Linear mode | RAID-0 | RAID-1

RAID-4

  • If one drive fails, the parity information can be used to reconstruct all data. If two drives fail, all data is lost.
  • The reason this level is not more frequently used, is because the parity information is kept on one drive. This information must be updated every time one of the other disks are written to. Thus, the parity disk will become a bottleneck, if it is not a lot faster than the other disks. However, if you just happen to have a lot of slow disks and a very fast one, this RAID level can be very useful.

RAID-5

  • This is perhaps the most useful RAID mode when one wishes to combine a larger number of physical disks, and still maintain some redundancy. RAID-5 can be (usefully) used on three or more disks, with zero or more spare-disks. The resulting RAID-5 device size will be (N-1)*S, just like RAID-4. The big difference between RAID-5 and -4 is, that the parity information is distributed evenly among the participating drives, avoiding the bottleneck problem in RAID-4, and also getting more performance out of the disk when reading, as all drives will then be used.
  • If one of the disks fail, all data are still intact, thanks to the parity information. If spare disks are available, reconstruction will begin immediately after the device failure. If two disks fail simultaneously, or before the raid is reconstructed, all data are lost. RAID-5 can survive one disk failure, but not two or more.
  • Both read and write performance usually increase, but can be hard to predict how much. Reads are almost similar to RAID-0 reads, writes can be either rather expensive (requiring read-in prior to write, in order to be able to calculate the correct parity information, such as in database operations), or similar to RAID-1 writes (when larger sequential writes are performed, and parity can be calculated directly from the other blocks to be written). The write efficiency depends heavily on the amount of memory in the machine, and the usage pattern of the array. Heavily scattered writes are bound to be more expensive.

RAID-6

  • This is an extension of RAID-5 to provide more resilience. RAID-6 can be (usefully) used on four or more disks, with zero or more spare-disks. The resulting RAID-6 device size will be (N-2)*S. The big difference between RAID-5 and -6 is that there are two different parity information blocks, and these are distributed evenly among the participating drives.
  • Since there are two parity blocks; if one or two of the disks fail, all data is still intact. If spare disks are available, reconstruction will begin immediately after the device failure(s).
  • Read performance is almost similar to RAID-5 but write performance is worse.

RAID-10

  • RAID-10 is an "in-kernel" combination of RAID-1 and RAID-0 that is more efficient than simply layering RAID levels.
  • RAID-10 has a layout ("far") which can provide sequential read throughput that scales by number of drives, rather than number of RAID-1 pairs. You can get about 95 % of the performance of the RAID-0 with same amount of drives.
  • RAID-10 allows spare disk(s) to be shared amongst all the raid1 pairs.

FAULTY

  • This is a special debugging RAID level. It only allows one device and simulates low level read/write failures.
  • Using a FAULTY device in another RAID level allows administrators to practice dealing with things like sector-failures as opposed to whole drive failures

{B} Swapping on RAID


Swapping on a mirrored RAID can help you survive a failing disk. If a disk fails, then data for swapped processes would be inaccessable in a non-mirrored environment. If you run in a mirrored environment, then the system can go on running even if a disk fails in service.

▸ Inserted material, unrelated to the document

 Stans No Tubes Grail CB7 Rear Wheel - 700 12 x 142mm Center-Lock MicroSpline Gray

There's not much reason to use RAID0 for swap performance reasons. The kernel itself can stripe swapping on several devices, if you just give them the same priority in the /etc/fstab file.

A nice /etc/fstab could look like:

 /dev/sda2       none           swap    defaults,pri=4   0 0
/dev/sdb2 none swap defaults,pri=4 0 0
/dev/sdc2 none swap defaults,pri=4 0 0
/dev/sdd2 none swap defaults,pri=4 0 0
/dev/sde2 none swap defaults,pri=4 0 0
/dev/sdf2 none swap defaults,pri=4 0 0
/dev/sdg2 none swap defaults,pri=4 0 0

This setup lets the machine swap in parallel on seven SAS devices. No need for RAID0, since this has been a kernel feature for a long time.

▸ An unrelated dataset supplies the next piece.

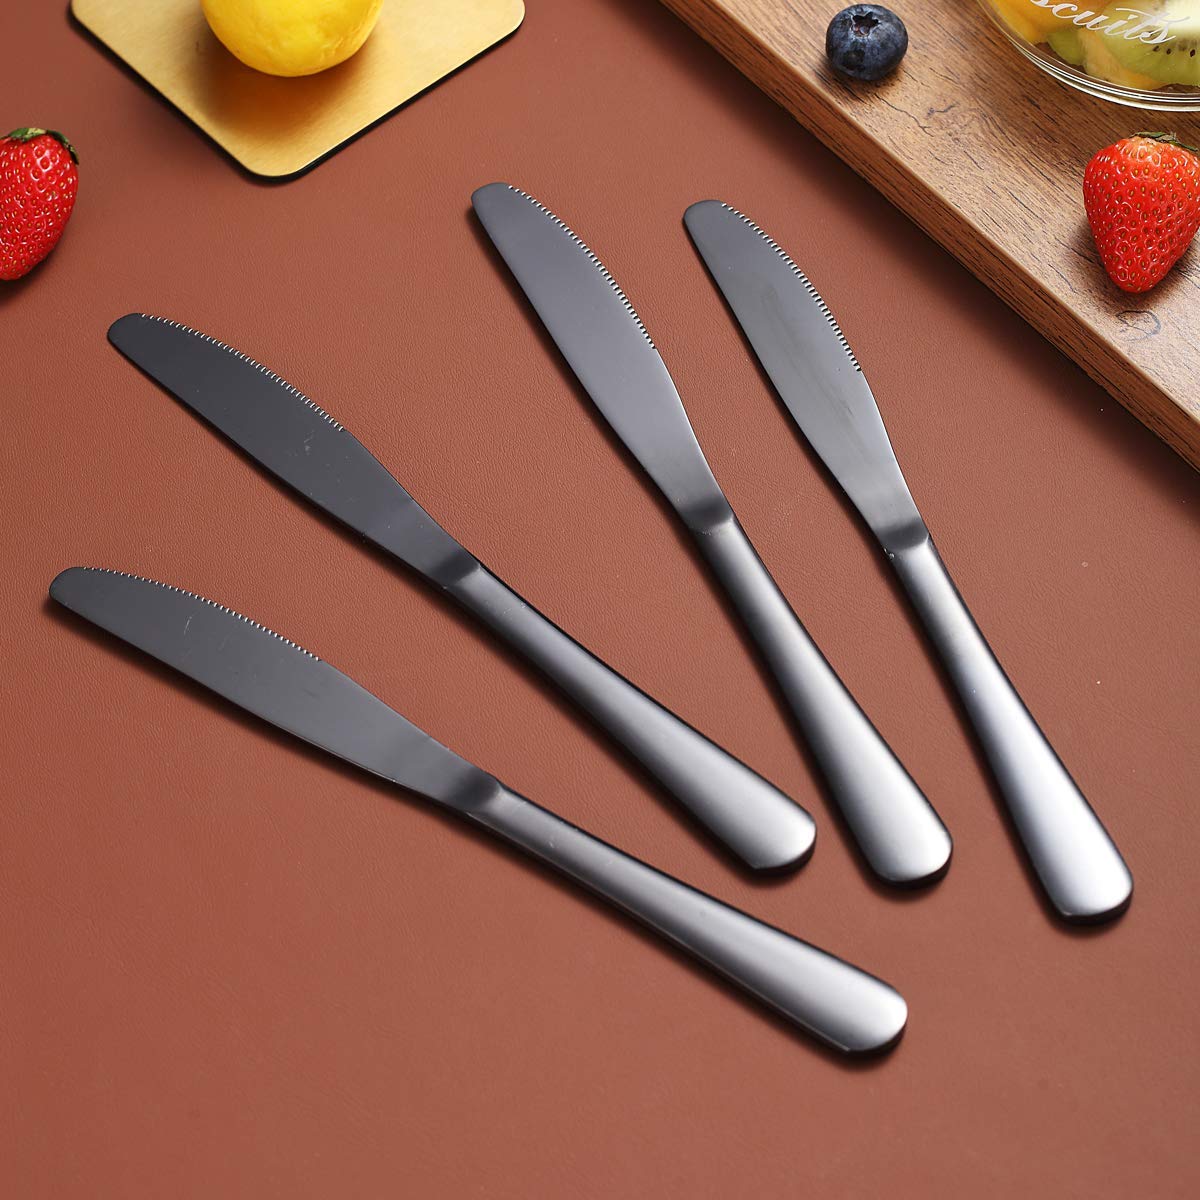 Berglander Black Dinner Knives Set Of 4, Stainless Steel Titanium Plating Shiny Black Dinner Knife, Butter Knife Spreader Table Knives Sturdy And Dishwasher Safe

A different reason to use RAID for swap is high availability. If you set up a system to boot on eg. a RAID-1 device, the system should be able to survive a disk crash. If a system without mirrored swapping has been swapping on the now faulty device, you will most likely be going down. Swapping on a mirrored RAID partition such as RAID-1, raid10,n2 or raid10,f2 type would solve this problem.


{C} Spare disks


Spare disks (often called hot spares) are disks that do not take part in the RAID set until one of the active disks fail. When a device failure is detected, that device is marked as "faulty" and reconstruction is immediately started on the first spare disk available.

once reconstruction to a hot-spare begins, the RAID layer will start reading from all the other disks to re-create the redundant information. If multiple disks have built up bad blocks over time, the reconstruction itself can actually trigger a failure on one of the "good" disks. This can lead to a complete RAID failure and is the major reason for using RAID-6 in preference to RAID-5 and a hot spare.


{D} Faulty disks


When the RAID layer handles device failures just fine, crashed disks are marked as faulty, and reconstruction is immediately started on the first spare-disk available. If no spare is available then the array runs in 'degraded' mode.

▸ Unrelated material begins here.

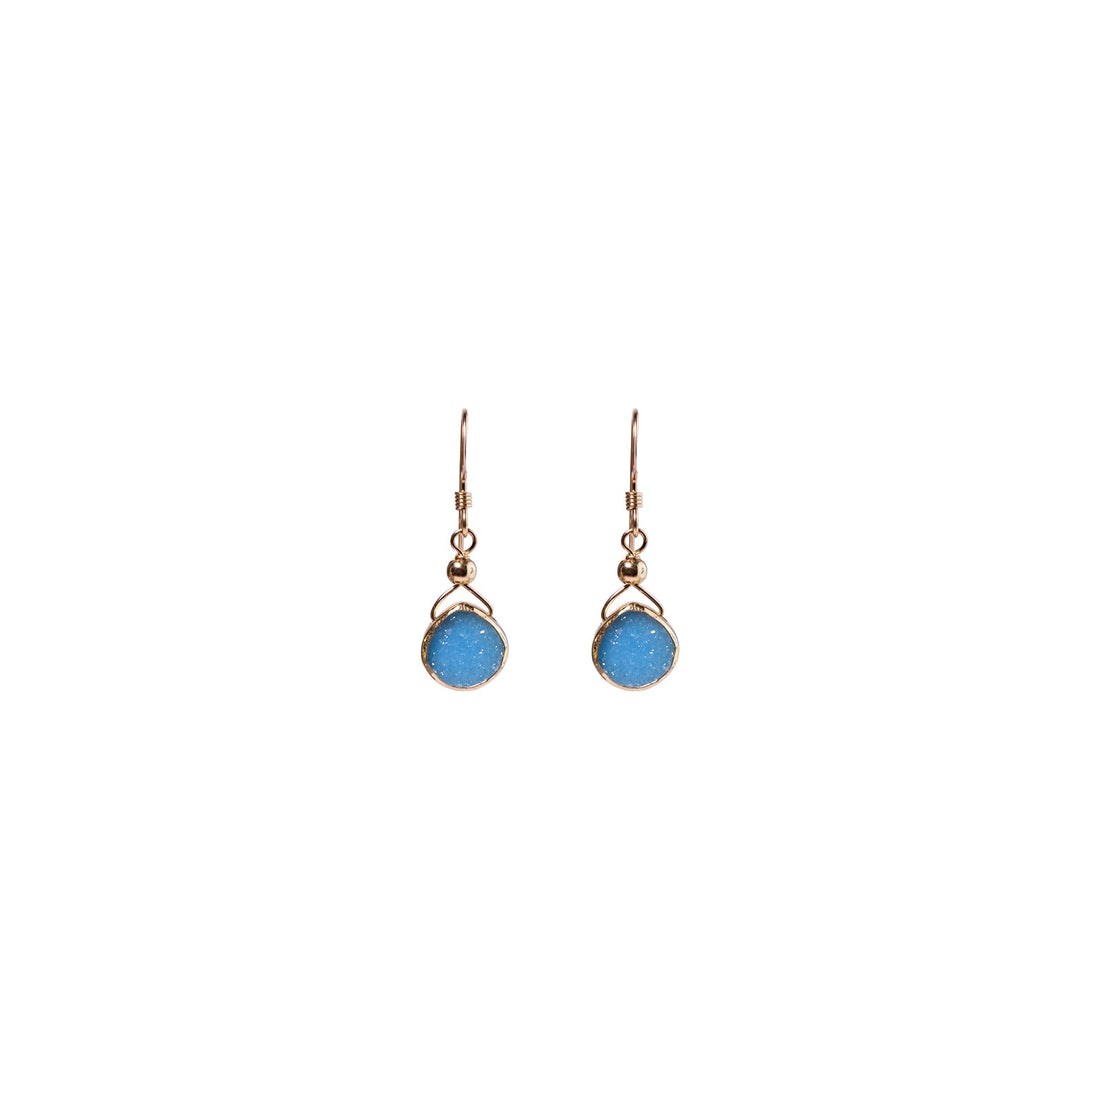 Julianna Earrings, Blue Druzy Pear contoured with Gold Earrings Sayulita Sol

Faulty disks still appear and behave as members of the array. The RAID layer just avoids reading/writing them.

If a device needs to be removed from an array for any reason (eg pro-active replacement due to SMART reports) then it must be marked as faulty before it can be removed.


{E} RAID setup


Prepare

Install the package "mdadm", and "modprobe raid456"、“modprobe raid10” etc.Then you will see:

[root@ ~]# cat /proc/mdstat
Personalities : [raid10] [raid6] [raid5] [raid4]
unused devices: <none>

Mdadm modes of operation

mdadm has 7 major modes of operation. Normal operation just uses the 'Create', 'Assemble' and 'Monitor' commands - the rest is typically used for fixing or changing your array.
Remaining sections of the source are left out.